1. 概述
本篇博客主要介紹在centos7操作系統集群中部署,配置和使用pbs調度系統的過程
centos7版本:CentOS Linux release 7.9.2009 (Core)
pbs調度系統版本:torque-6.1.3.tar.gz
集群信息:
使用三個虛擬節點部署pbs系統
節點名稱 | 節點IP | 節點角色 | 節點服務 |
---|---|---|---|
node16 | 192.168.80.16 | 管理節點,登陸節點 | pbs_server pbs_schd |
node17 | 192.168.80.17 | 節點節點 | pbs_mom |
node18 | 192.168.80.18 | 計算節點 | pbs_mom |
本篇只是pbs調度軟件torque的基本部署,配置,使用。更加復雜的功能,比如MPI環境,圖形界面顯示,GPU調度,Munge認證,數據庫信息獲取,高可用配置,未做詳細的探究,后期有時間再進行完善。
2. 部署
一般集群都需要時間統一,全局身份認證,這兩個步驟在本篇博客不作介紹。
本篇博客的node16-18,已經通過ldap和sssd實現了全局身份認證。
同時約定使用node16的一個軟件安裝目錄作為共享目錄,共享給node17和node18
2.1 創建和掛載共享目錄
node16上執行mkdir -p /hpc/torque/6.1.3
,該目錄用來安裝torque軟件,共享給其他節點
執行mkdir -p /hpc/packages/
作為編譯torque的工作目錄
編輯/etc/exportfs文件,內容如下:
/hpc 192.168.80.0/24(rw,no_root_squash,no_all_squash)

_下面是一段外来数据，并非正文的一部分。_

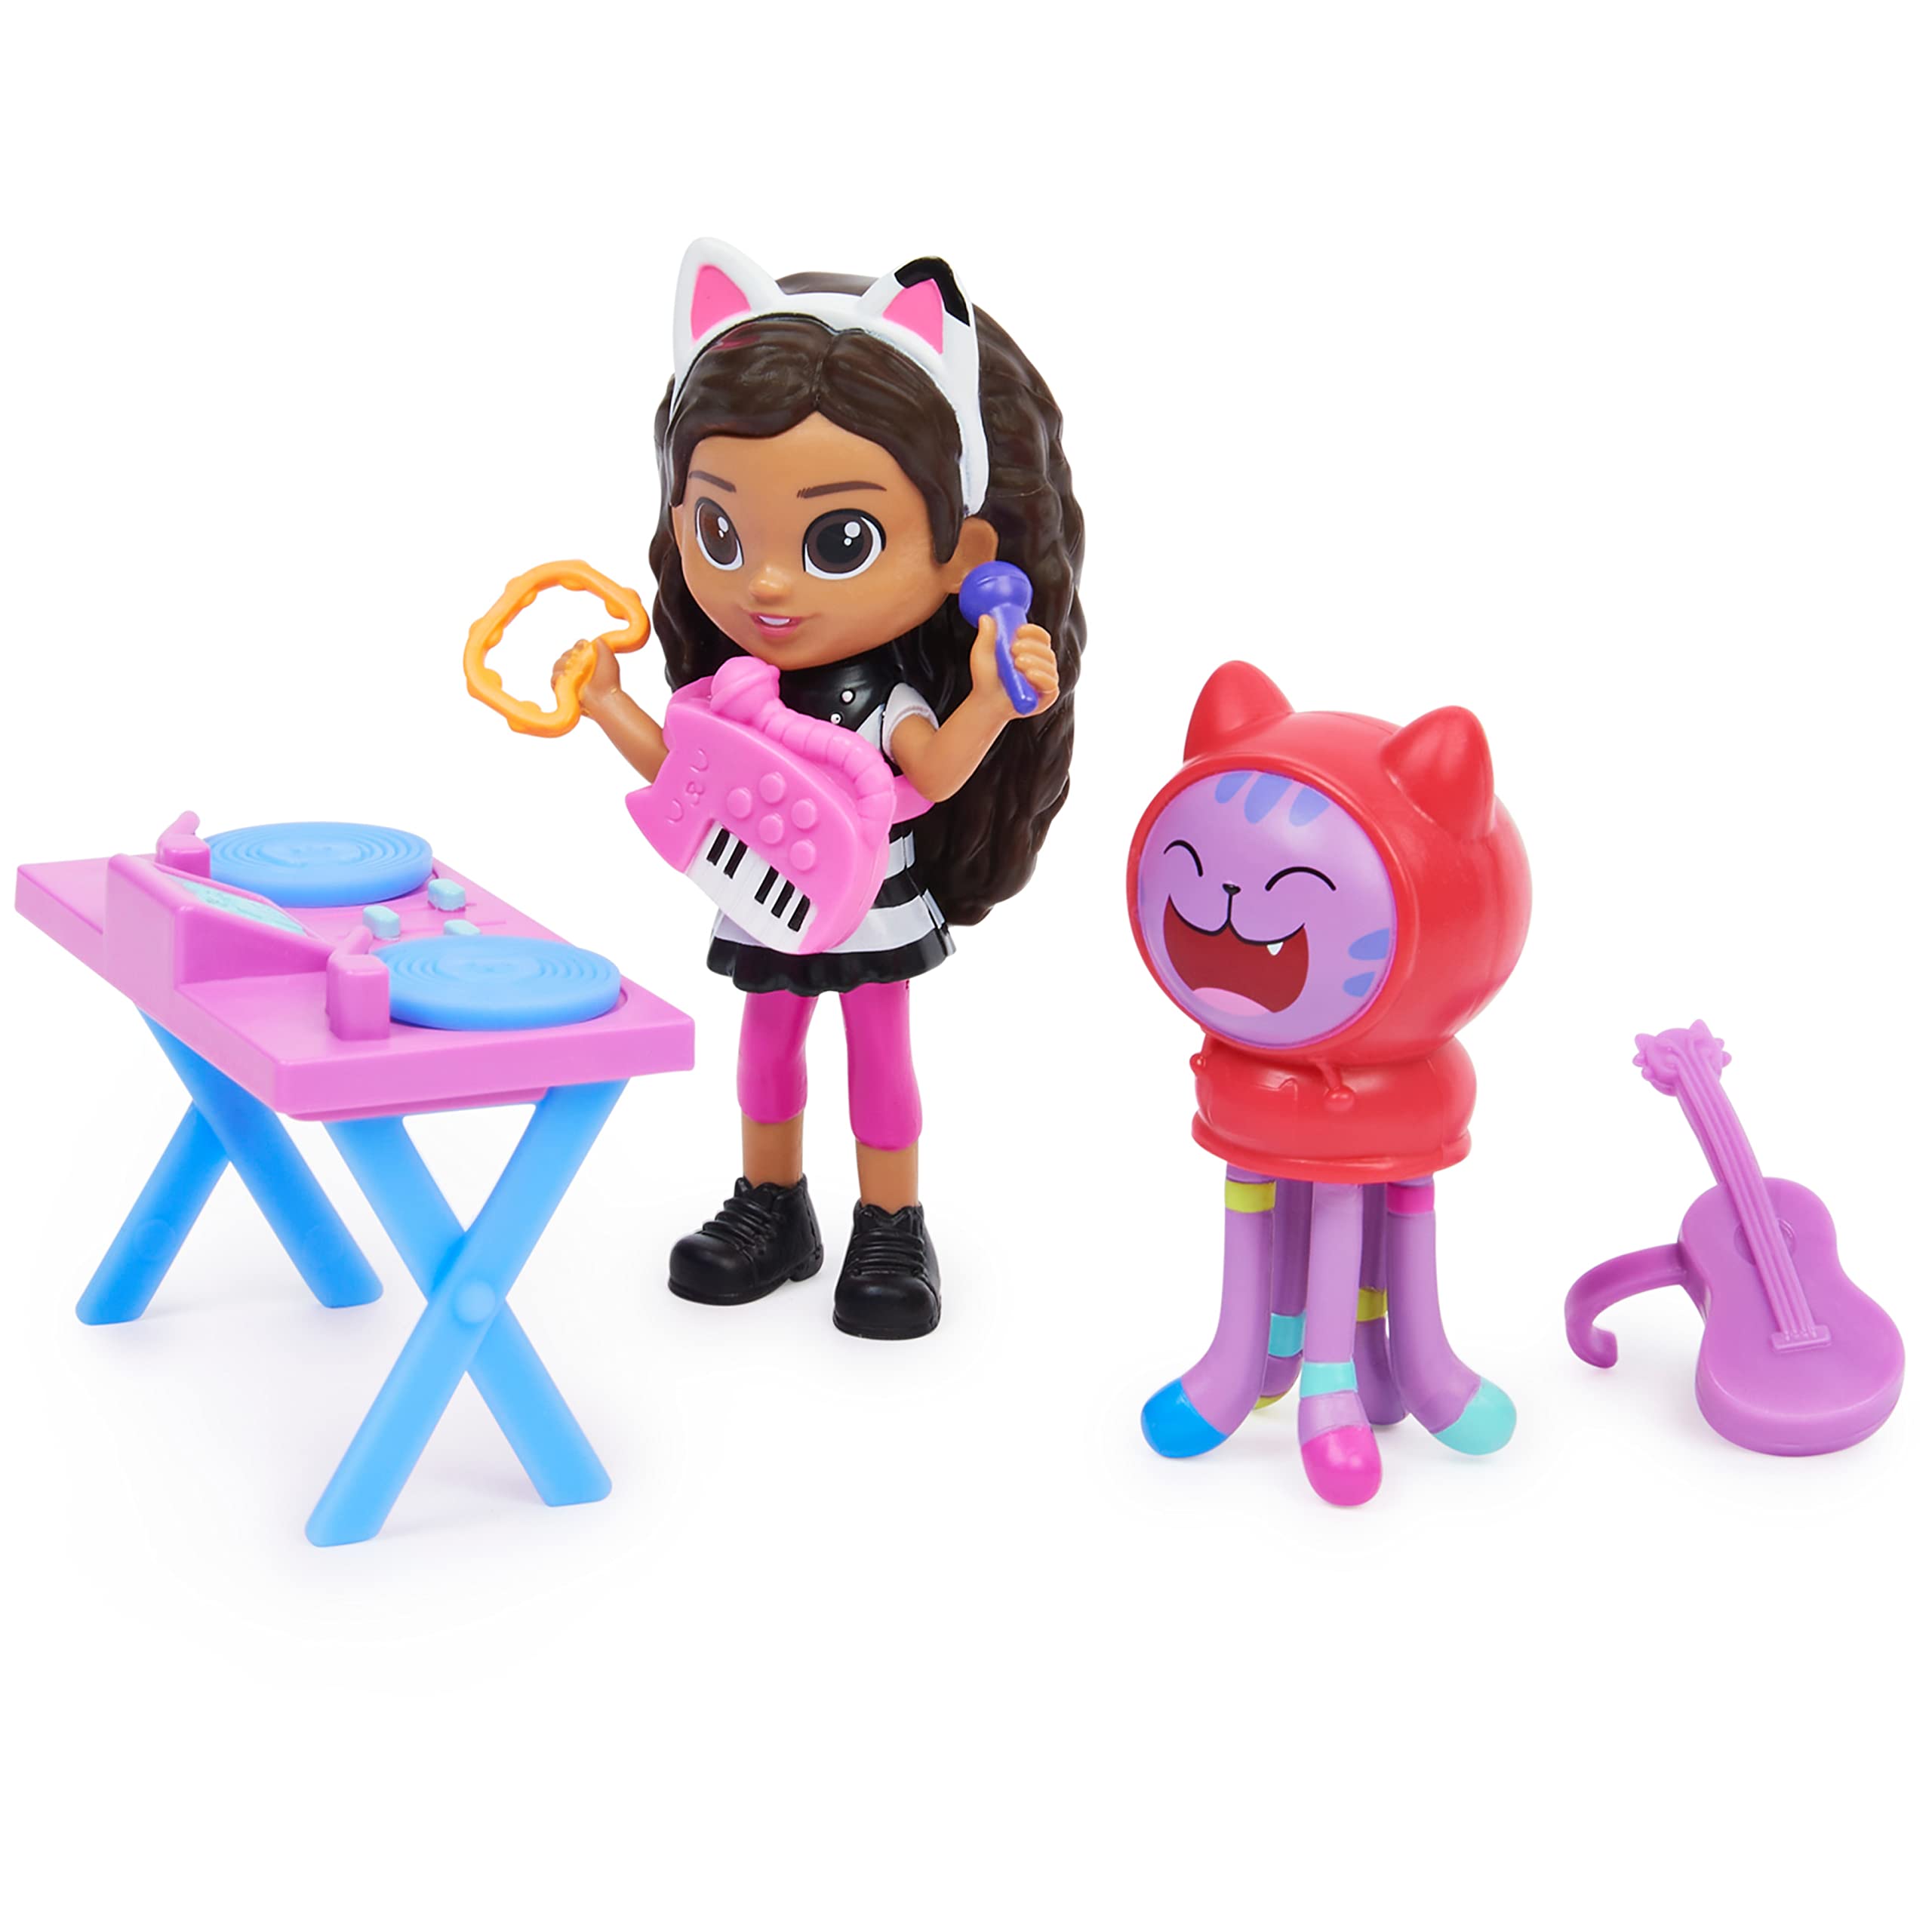 Gabby’s Dollhouse, Kitty Karaoke Set with 2 Toy Figures, 2 Accessories, Delivery and Furniture Piece, Kids Toys for Ages 3 and up

/home 192.168.80.0/24(rw,no_root_squash,no_all_squash)
執行:systemctl start nfs && systemctl enable nfs
設置nfs啟動和開機啟動
執行:exportfs -r
,使共享目錄即時生效
在node17,node18上分別執行:
mkdir -p /hpc
mount.nfs 192.168.80.16:/hpc /hpc
mount.nfs 192.168.80.16:/home /home
2.2 部署torque軟件
下載
wget http://wpfilebase.s3.amazonaws.com/torque/torque-6.1.3.tar.gz
解壓
tar -zxvf torque-6.1.3.tar.gz -C /hpc/packages
,解壓到編譯安裝torque的工作目錄
配置安裝信息
# 1. yum安裝軟件依賴
yum -y install libxml2-devel boost-devel openssl-devel libtool readline-devel pam-devel hwloc-devel numactl-devel tcl-devel tk-devel
# yum groupinstall "GNOME Desktop" "Graphical Administrator Tools" 如果編譯選項有--enable-gui時,需要安裝圖像界面依賴
# 2. configure傳參,配置編譯安裝信息
./configure \
--prefix=/hpc/torque/6.1.3 \
--mandir=/hpc/torque/6.1.3/man \
--enable-cgroups \
--enable-syslog \
--enable-drmaa \
--enable-gui \
--with-xauth \
--with-hwloc \
--with-pam \
--with-tcl \
--with-tk \
# --enable-numa-support \ #這個參數加上,要編輯mom.layout,不清楚規則,暫時取消
# 3. 更新。后期可能添加對MPI,GPU,Munge認證,高可用配置等的支持,本篇后期補充
執行結束后:
Building components: server=yes mom=yes clients=yes
gui=yes drmaa=yes pam=yes
PBS Machine type : linux
Remote copy : /usr/bin/scp -rpB
PBS home : /var/spool/torque
Default server : node13
Unix Domain sockets :
Linux cpusets : no
Tcl : -L/usr/lib64 -ltcl8.5 -ldl -lpthread -lieee -lm
Tk : -L/usr/lib64 -ltk8.5 -lX11 -L/usr/lib64 -ltcl8.5 -ldl -lpthread -lieee -lm
Authentication : trqauthd
Ready for 'make'.
編譯和安裝
# 1. 編譯,安裝
make -j4 && make install
# 2. 生成安裝腳本
# make packages
執行make packages輸出:
這一步可以不做。在本篇博客中,工作目錄在共享文件系統,因此只需要在每個節點執行make install即可。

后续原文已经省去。